THERAPEUTIC CONTAINER
CONCLUSION
In my clinical practice of 23 years, many adolescents have shared their
private lives with me. In my personal life, my sixteen-year-old daughter,
Sasha, and her wonderfully alive friends have also taught me much about
this time called adolescence.
Adolescents present with concerns about their emotional health, as well
as interpersonal concerns. It is encouraging to witness their awareness and
motivation, which is manifested by their willingness to self-explore. An
existential-humanistic approach is applicable with many adolescent clients
who are searching for meaning and harmony in their lives.
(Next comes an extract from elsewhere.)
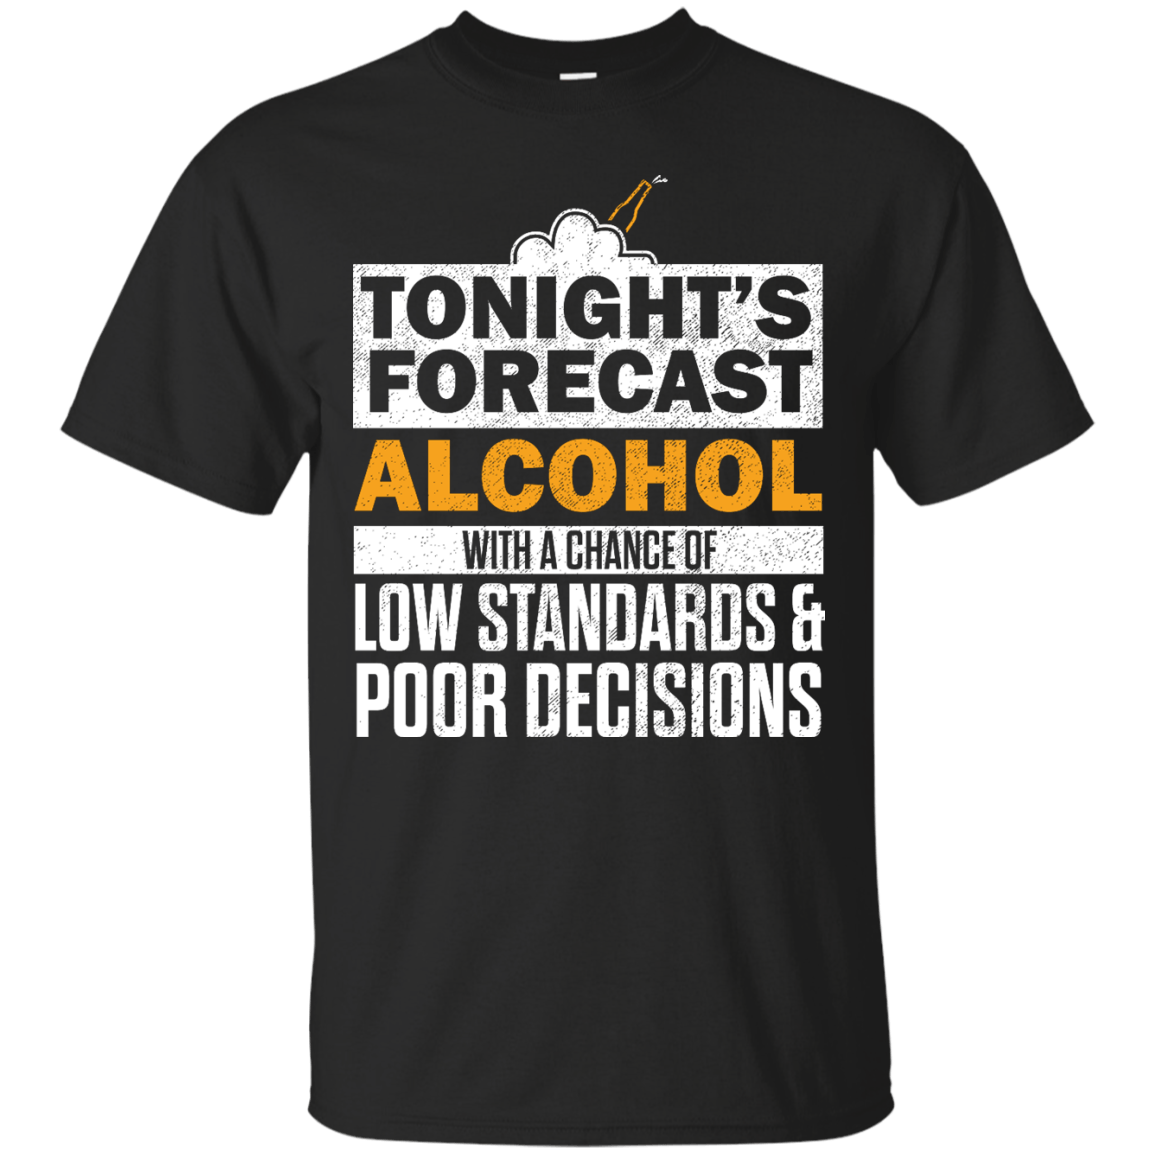 Tonight's Forecast Alcohol T-Shirt Apparel - The Beer Lodge

This therapeutic
orientation provides them with an opportunity to develop coping skills and
to enhance their capacity to participate fully in their lives. They have the
opportunity to recognize that taking responsibility for their lives means
taking responsibility for their happiness.
A therapist who can listen to the adolescent client without judgment or
prejudice encourages self-acceptance. Many young people lack role models
or mentors who can teach them about their humanness. This means to
acknowledge the joy and sadness; attributes and fallibilities; the aloneness
and affinity of being human. The polarities of life are tension-producing
and can be more easily accepted once recognized.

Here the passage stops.